Almanacco Barbanera, torna il Lunario del vivere Greta-style

Appello per la ripartenza di Castelluccio di Norcia post sisma

Redazione ANSA ROMA

ROMA - I consigli, ogni giorno, di una Luna amica per riscoprire il piacere di rallentare un po' e avere uno stile di vita Greta-style, più sostenibile. In un bisestile come il 2020, peraltro dichiarato dall'Onu Anno internazionale della salute delle piante, potranno tornare utili i pro-memoria del "buon vivere casa, orto e giardino seguendo le stagioni" dell'Almanacco Barbanera.

Compie 258 anni questa pubblicazione che vanta il riconoscimento nel programma Unesco "memoria del mondo". Dal 1762, quando per la prima volta venne stampato a Foligno, il Lunario con le rubriche scandite dai cicli del tempo e della Luna "per cogliere le buone energie di cielo e terra", ha valorizzato la tradizione rurale, la condivisione dei saperi, anche con la pubblicazione online di 800 pubblicazioni.

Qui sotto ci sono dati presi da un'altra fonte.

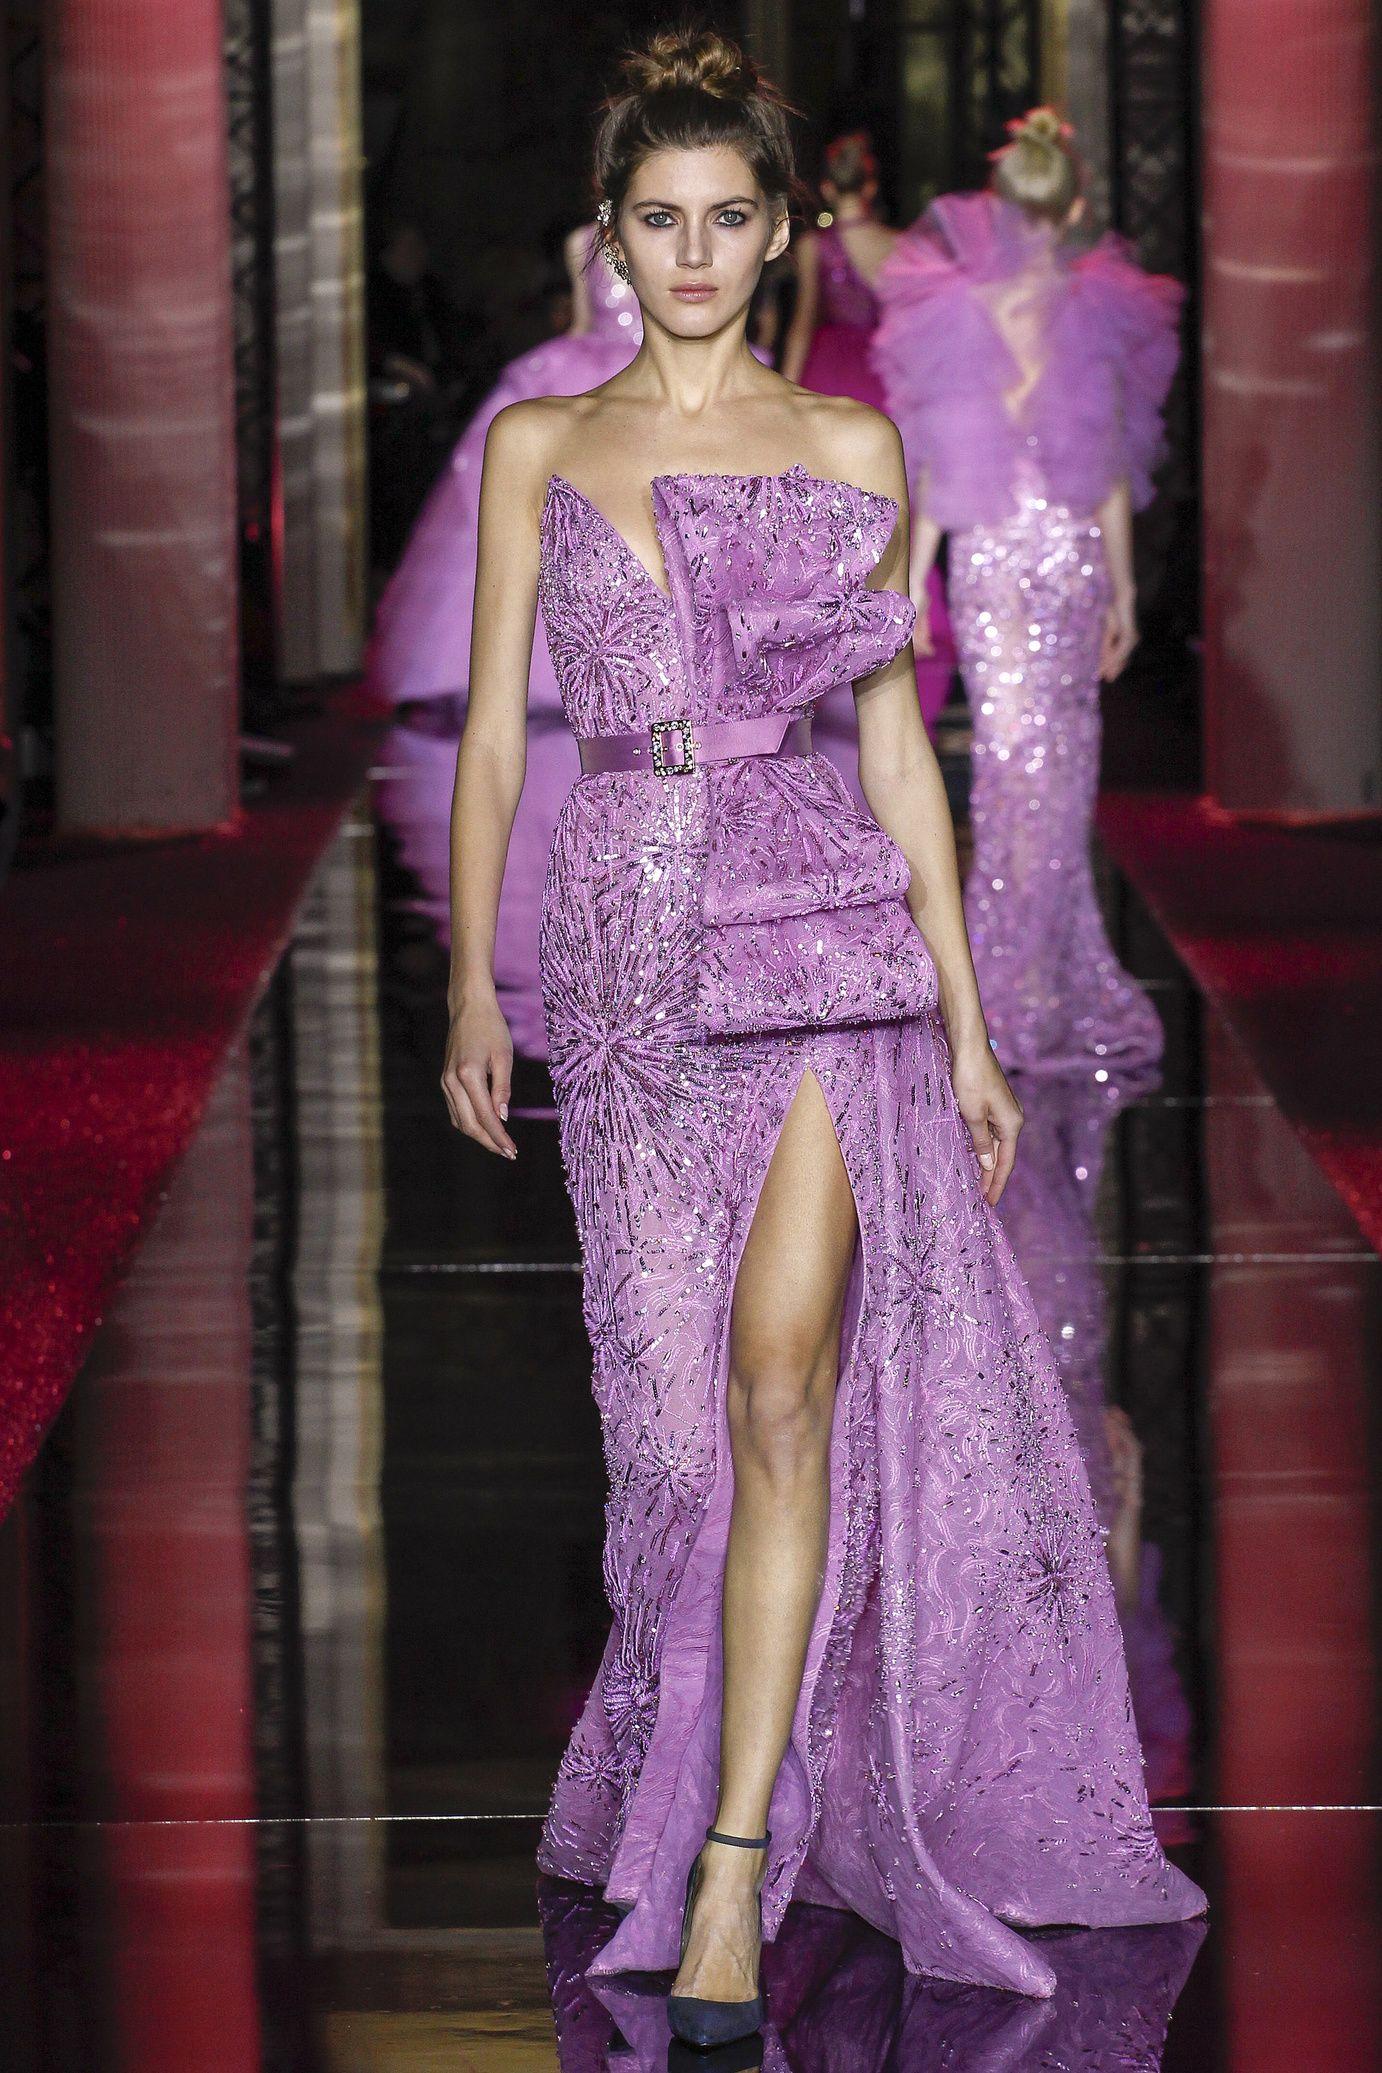 Défilé Zuhair Murad: Haute couture printemps-été 2017 | Zuhair murad ...

Mostrando poi sempre attenzione alle sorti dell'uomo e del Pianeta, la fondazione tramite il Bosco Barbanera ogni anno manda un messaggio-appello a tutela di un paesaggio e della biodiversità. Il trentennale del Bosco accende ora i riflettori sull'Italia colpita dal terremoto del 2016 e su Castelluccio, luogo simbolo di quattro regioni (Umbria, Marche, Lazio e Abruzzo), ancora in attesa di rinascita. Insieme all'associazione "Per la vita di Castelluccio di Norcia onlus" Barbanera si dichiara vicino a questi luoghi d'incanto nel Parco nazionale dei Monti Sibillini, con Pian Grande e Pian Perduto, con gli abitanti che non hanno abbandonato il borgo e caparbiamente sono lì a coltivare, pascolare, praticare la transumanza e offrire ristoro.

Mentre per chi vive la città l'Almanacco vuole essere un raccordo con la campagna, un intimo viaggio in cui ritrovarsi e coltivare secondo tradizione.

Tra le novità, un oroscopo ambientalista tra pianeti e pomodori, con tante ricette, ai fornelli e sottovetro.